The answer must be the lines from the one that holds "Gluten-free coffee cake" through the final line of the data, copied exactly, with no pictures.

====== SOURCE MATERIAL

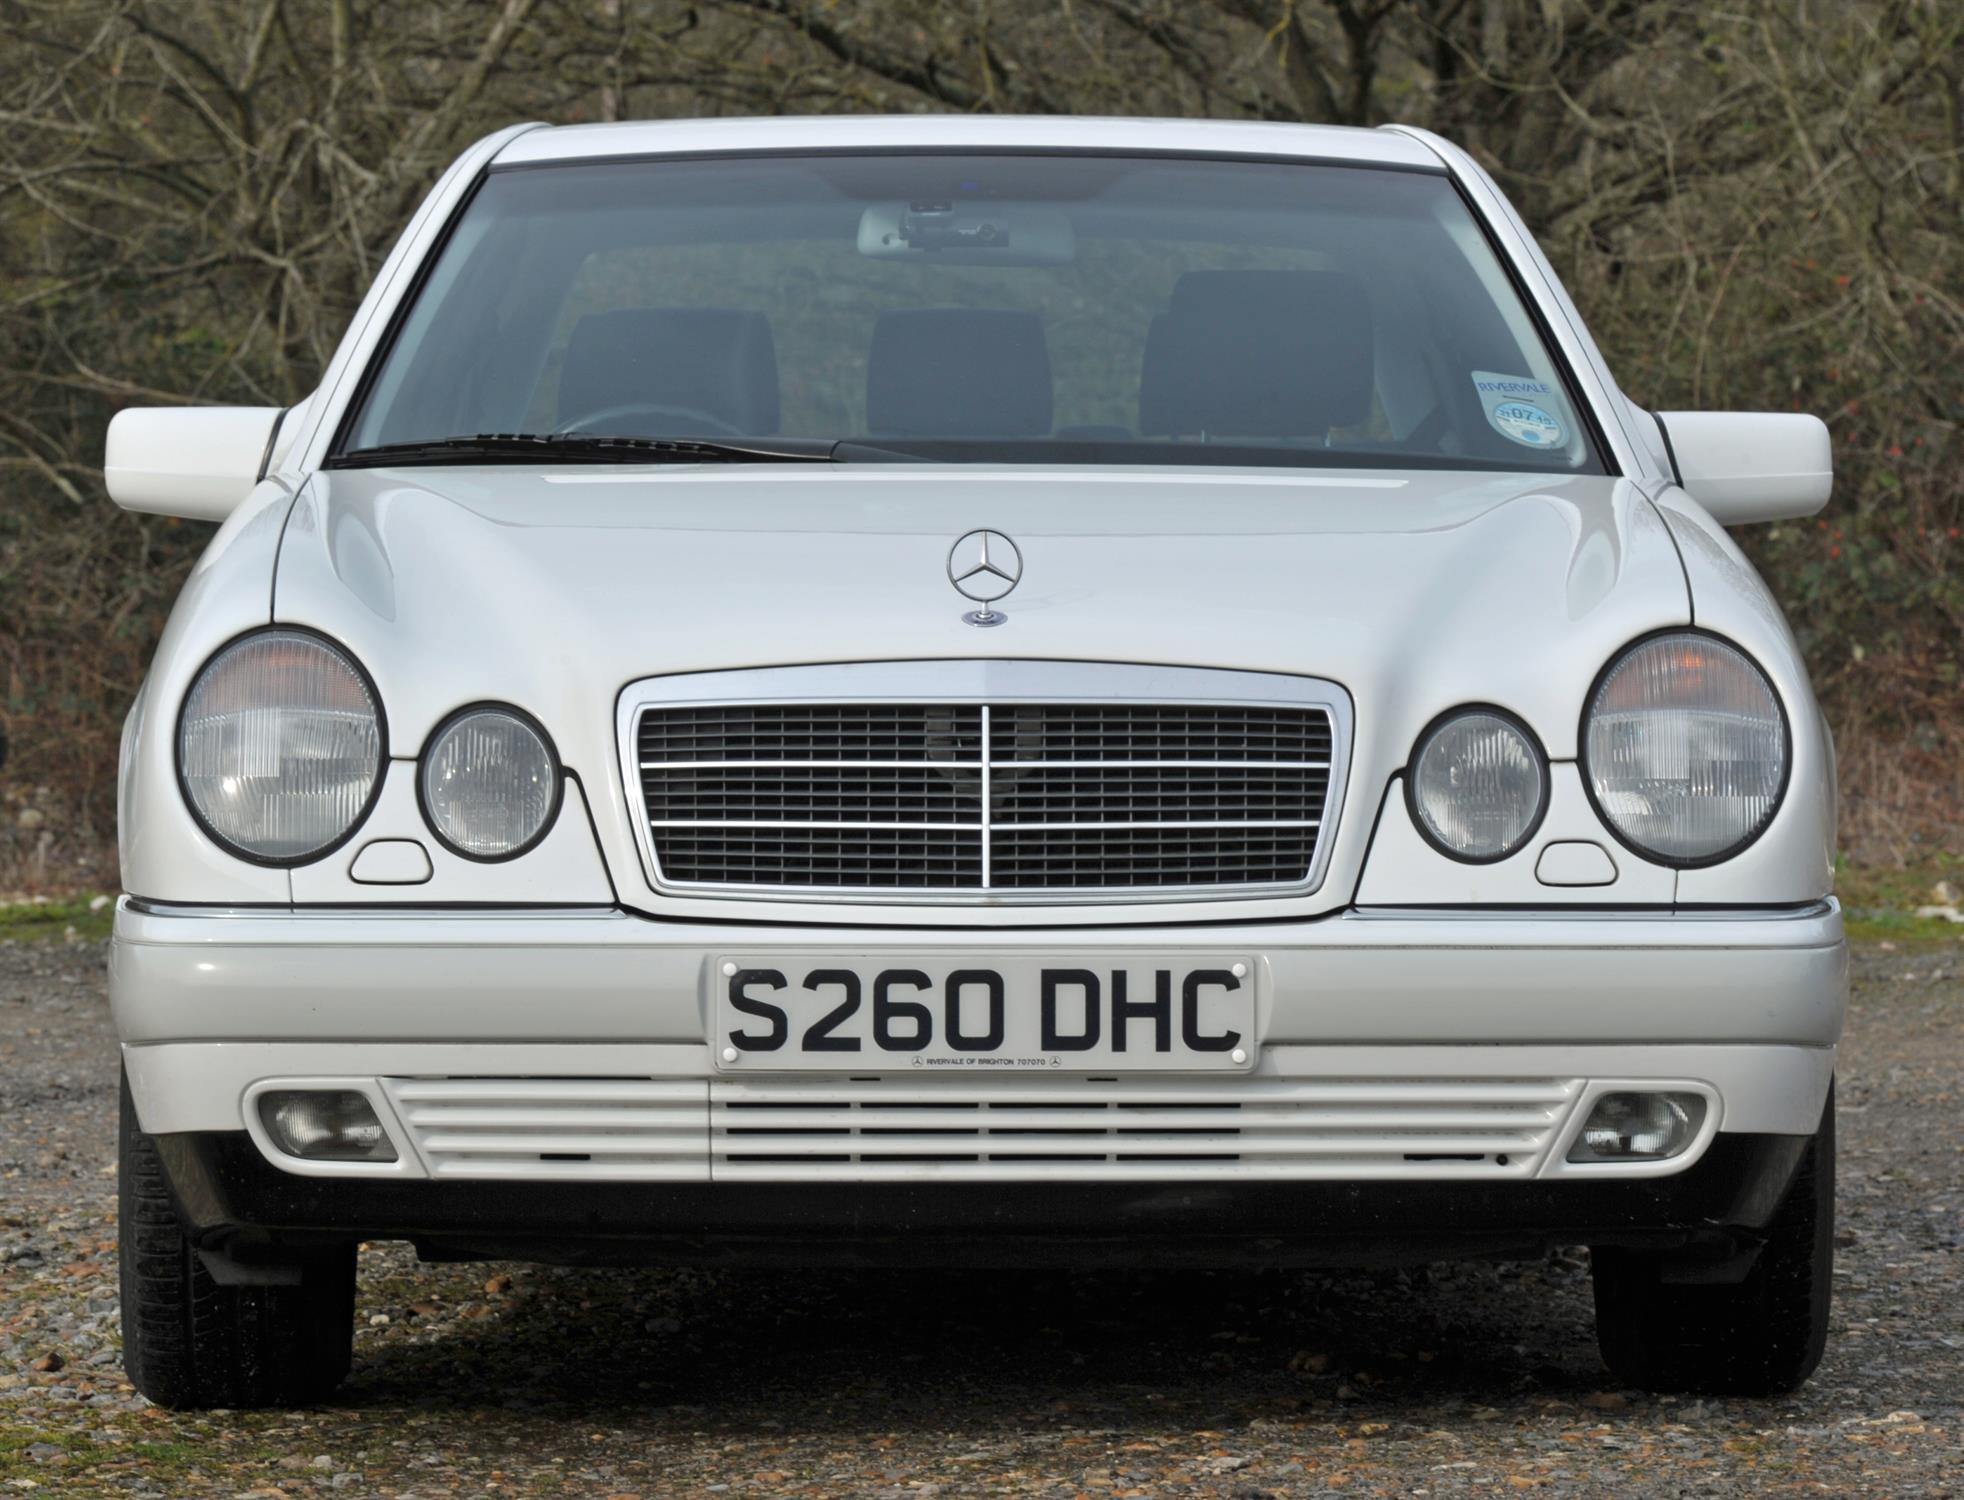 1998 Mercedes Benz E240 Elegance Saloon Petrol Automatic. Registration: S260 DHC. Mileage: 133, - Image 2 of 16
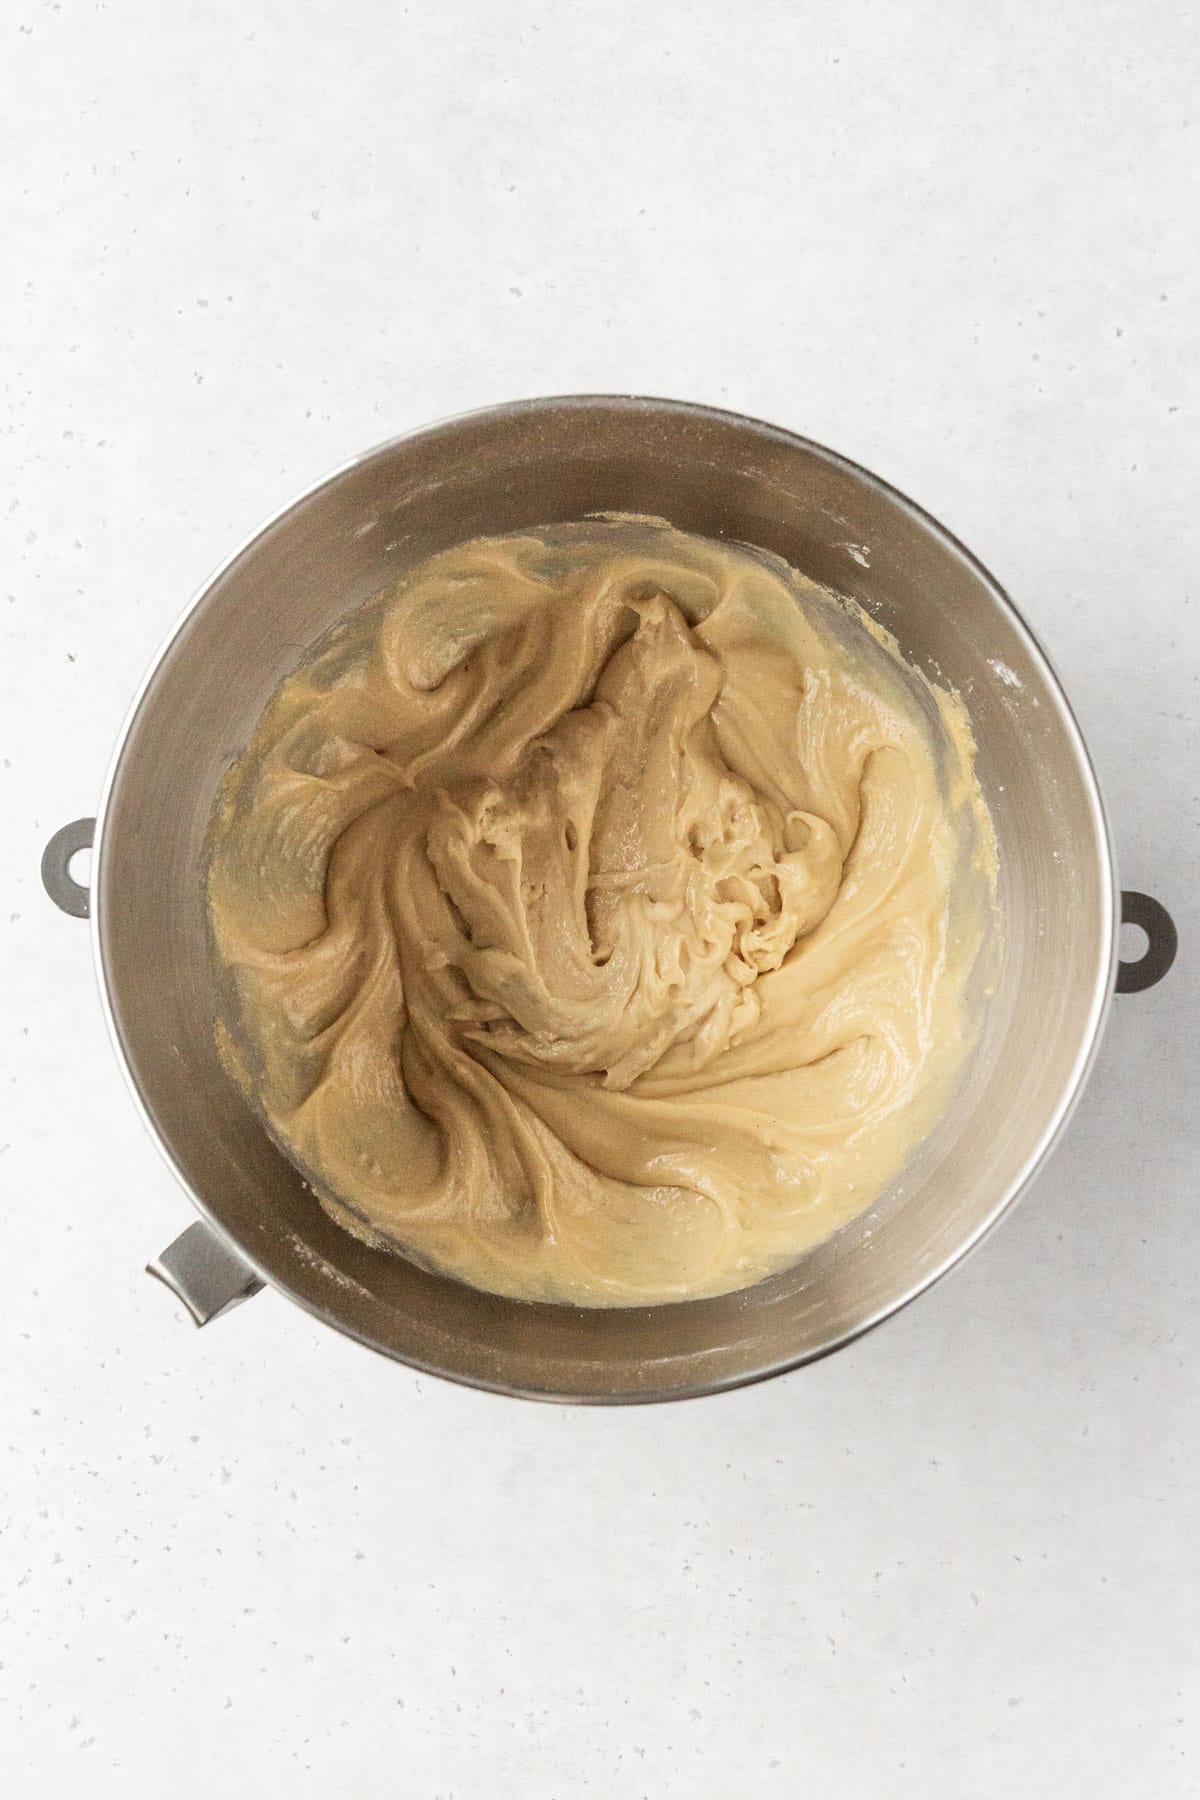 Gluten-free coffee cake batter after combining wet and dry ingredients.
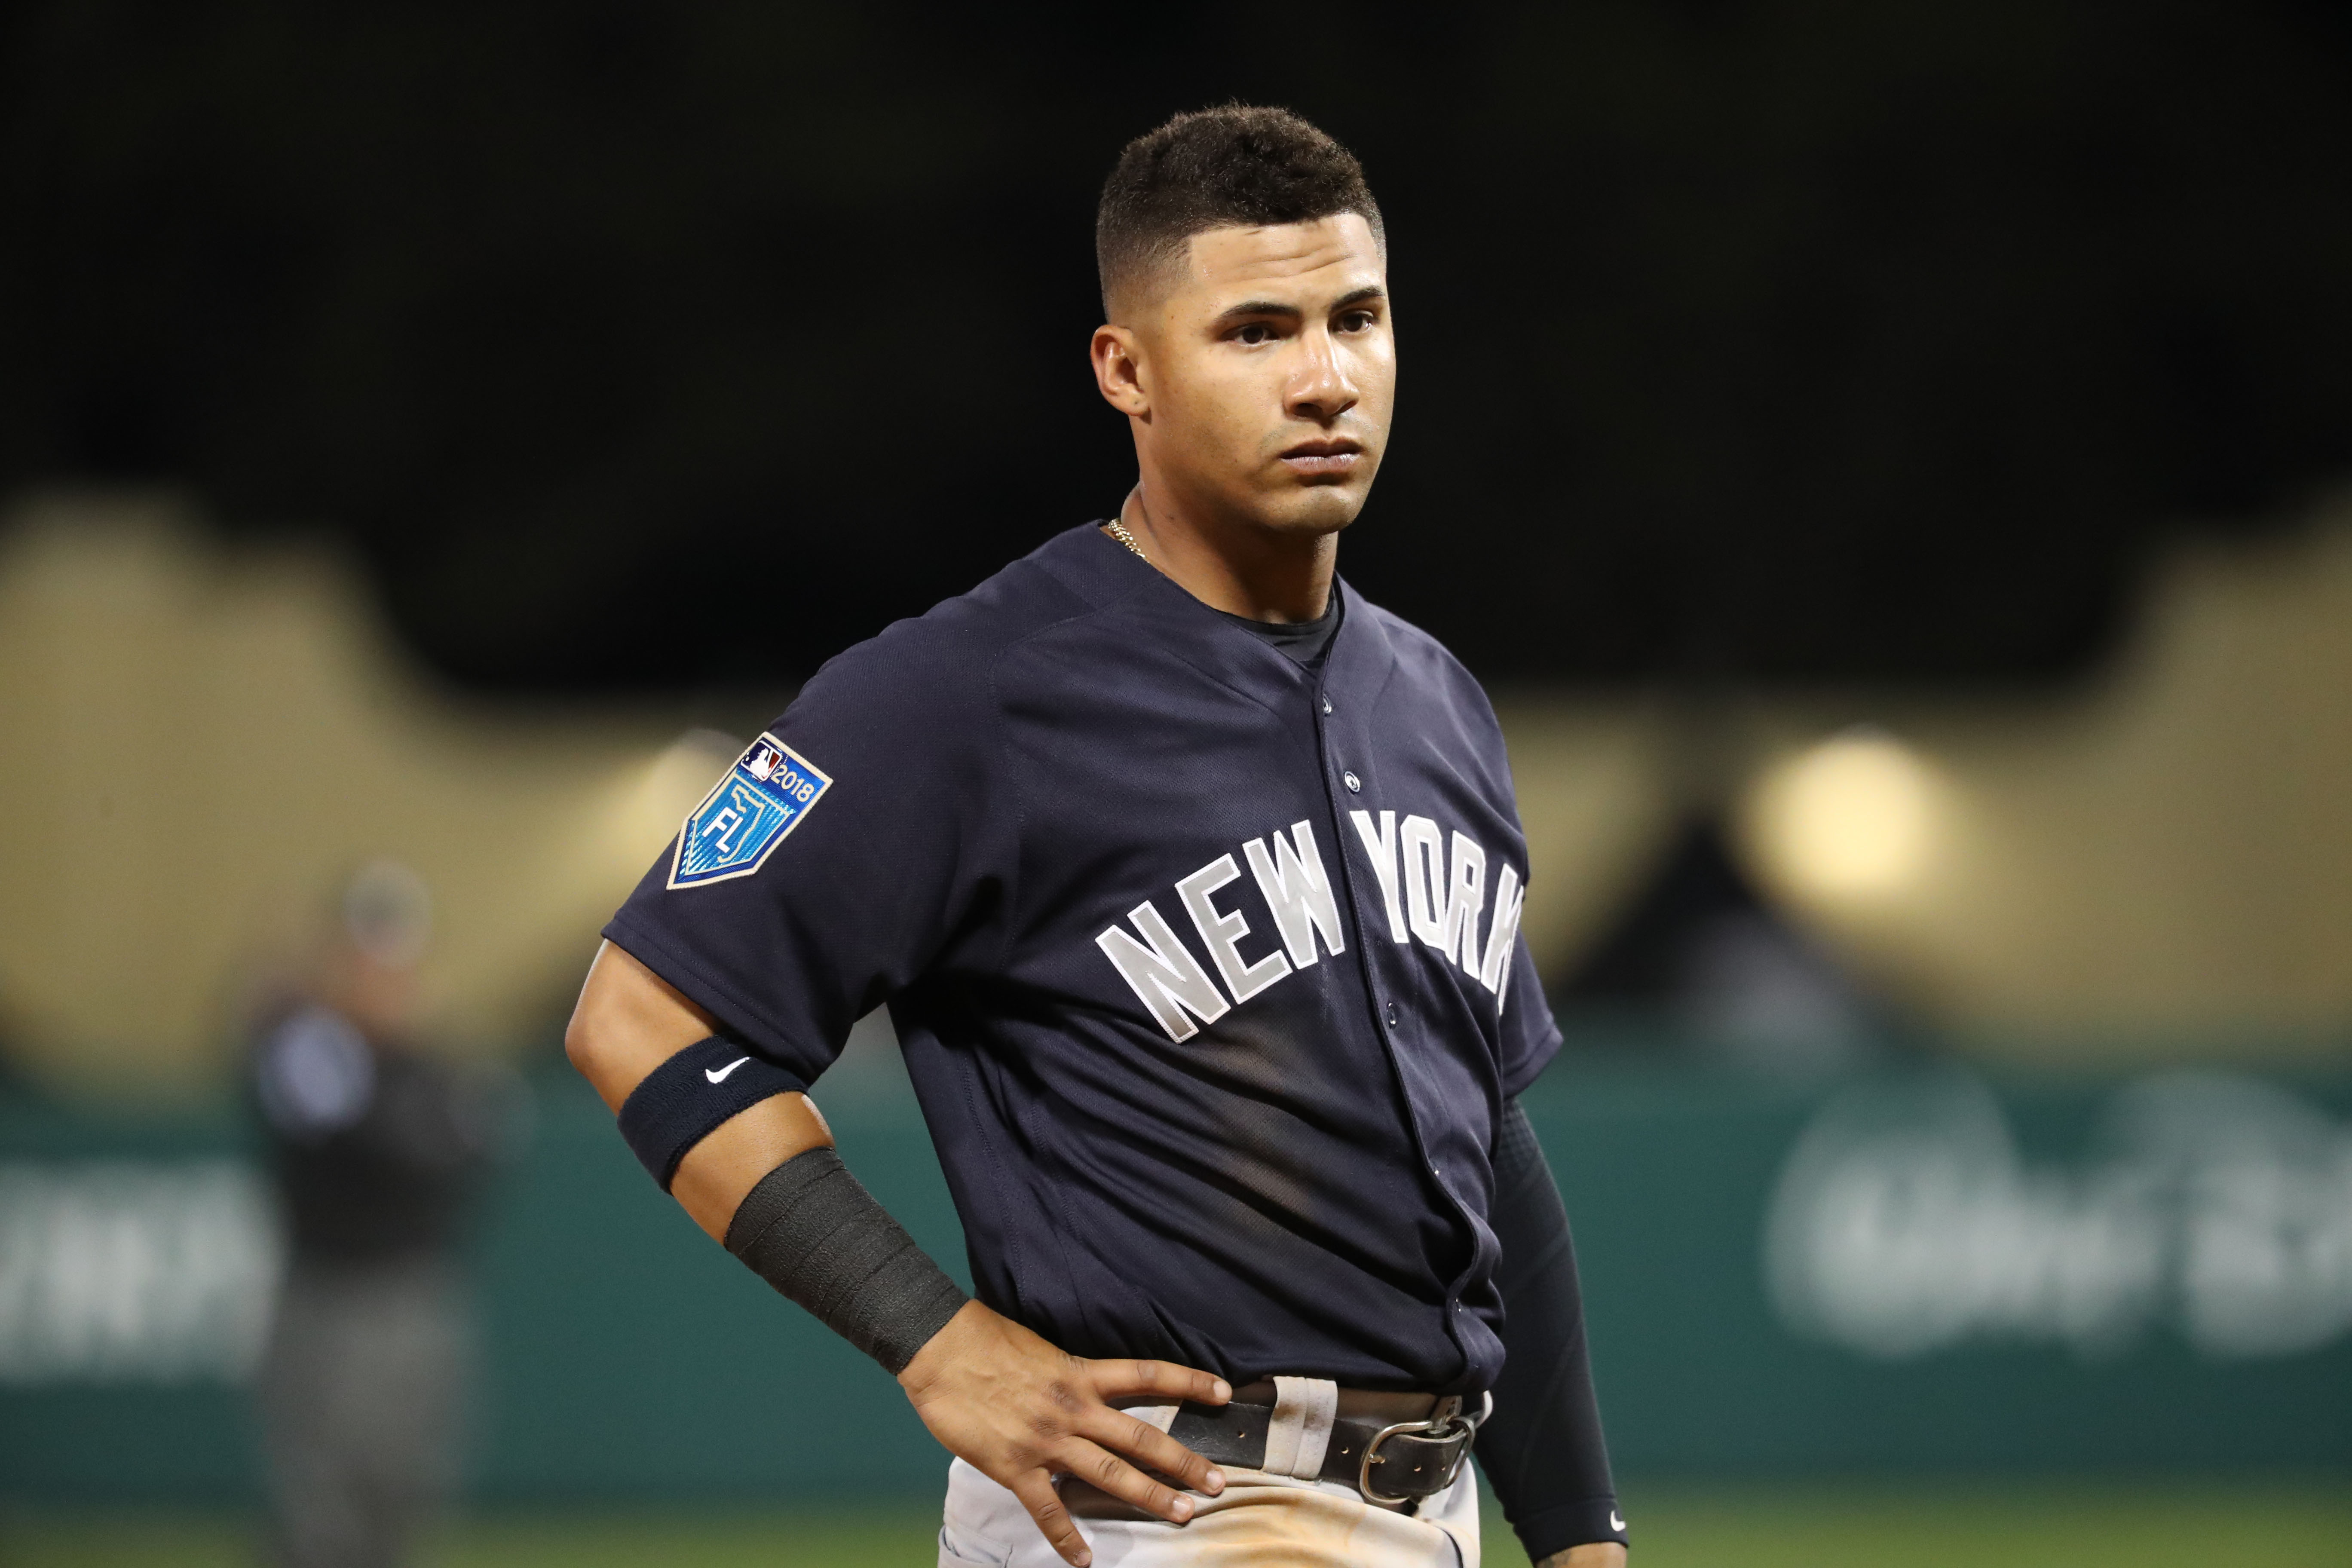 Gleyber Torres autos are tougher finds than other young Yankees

============

## WRITTEN RESPONSE
 Gluten-free coffee cake batter after combining wet and dry ingredients.
 Gleyber Torres autos are tougher finds than other young Yankees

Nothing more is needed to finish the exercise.